Massimo Cutitta è nato a Latina da una famiglia di origine napoletana, il 2 settembre del 1966. Ci lascia a 54 anni assieme alla madre, entrambi a causa del Covid.

Alla fine degli anni settanta si trasferisce in Sudafrica dove comincia a giocare a rugby. Ritorna in Italia nel 1985, gioca con l’Aquila Rugby. Chiamato da Bertrand Fourcade per la Nazionale, affronta gli impegni di Coppa FIRA’ 1989-90, esordisce a Napoli il 7 aprile 1990 contro la Polonia.

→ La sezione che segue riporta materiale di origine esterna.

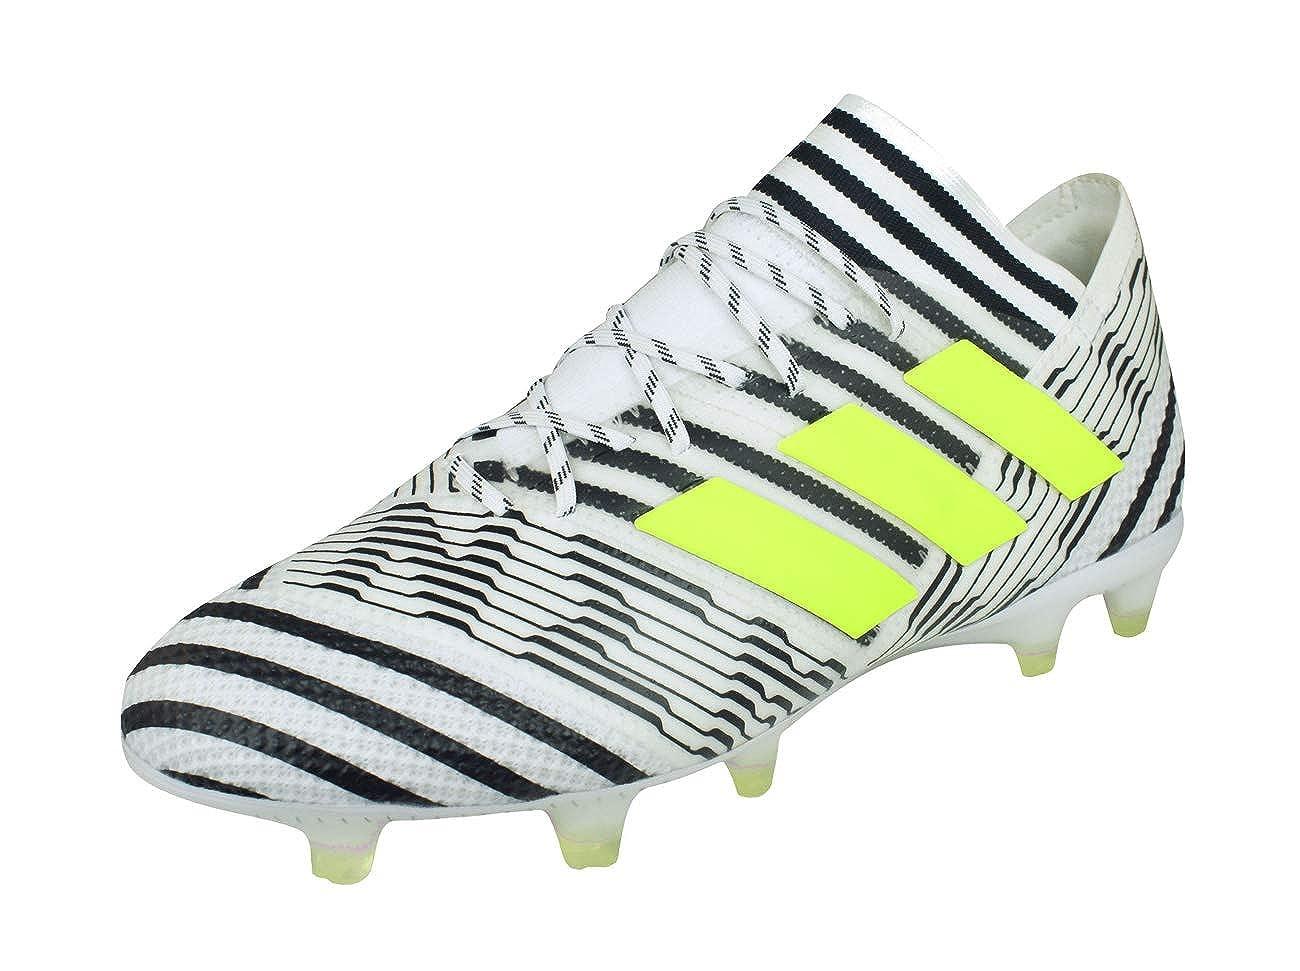 MultiCouleure - Blanc Noir (Ftwbla Amasol Negbas) 44 EU adidas Nemeziz 17.1 FG, Chaussures de Football Homme

Gioca con l’Amatori Milano, poi Milan, rimanendovi 10 stagioni e formando assieme ad altri internazionali quali: Croci, Domínguez, Vaccari e Properzi l’ossatura di una squadra che dal 1991 al 1996 vince quattro titoli nazionali e una Coppa Italia. Prende parte alla Coppa del Mondo di rugby 1991 in Inghilterra e successivamente a quella del 1995 in Sudafrica. Ha fatto parte della Nazionale che ha vinto la finale della Coppa FIRA’ 1995-96 a Grenoble contro la Francia dando all’Italia la prima vittoria in una competizione ufficiale, la conquista del titolo di campione d’Europa e soprattutto la prima vittoria sui transalpini . Nel 1998 è a Londra con gli Harlequins. Poi a Bologna nel 2000-01. La stagione successiva è al Roma Olimpic, in seguito all’Alghero e a Brescia, al Leonessa è anche allenatore in seconda. Smessa l’attività agonistica nel 2006 per raggiunti limiti d’età, nella stagione 2006-07 è impegnato in Celtic League come allenatore della mischia per l’Edimburgo. Nella stagione 2007-08 è assistente nello staff tecnico dell’Aquila. Da agosto 2009 collabora come allenatore degli avanti nello staff tecnico della Nazionale scozzese e da gennaio 2015 è consulente per gli avanti dell’ Aquila Rugby Club. Collabora con i Jersey Reds, squadra di prima divisione inglese . Varie presenze anche nei Barbarians. Consulente di mischia per Romania e Canada, nel 2020 ricopre lo stesso ruolo anche per il Portogallo.

Marzio Innocenti Presidente della FIR:” Triste serata. Non avrei mai voluto fare come Presidente Federale un comunicato per la morte di Massimo Cuttitta. Un dolore terribile, in questi ultimi giorni con le notizie che mi mandava Marcello era evidente la gravità della situazione ma non volevo rassegnarmi all’ineluttabile e la notizia mi ha colto impreparato. I ricordi che ho di Massimo li tengo per me ma con lui scompare un uomo importante nella storia del nostro rugby e un tecnico specialista degli avanti che sicuramente avrebbe inciso nel futuro del nostro rugby. Invece questo maledetto virus se lo è portato via insieme a mamma Nunzia.
Marcello e Michele oggi sono soli e l’abbraccio del rugby italiano deve scaldarli in un momento così tragico. Ciao Massimo”.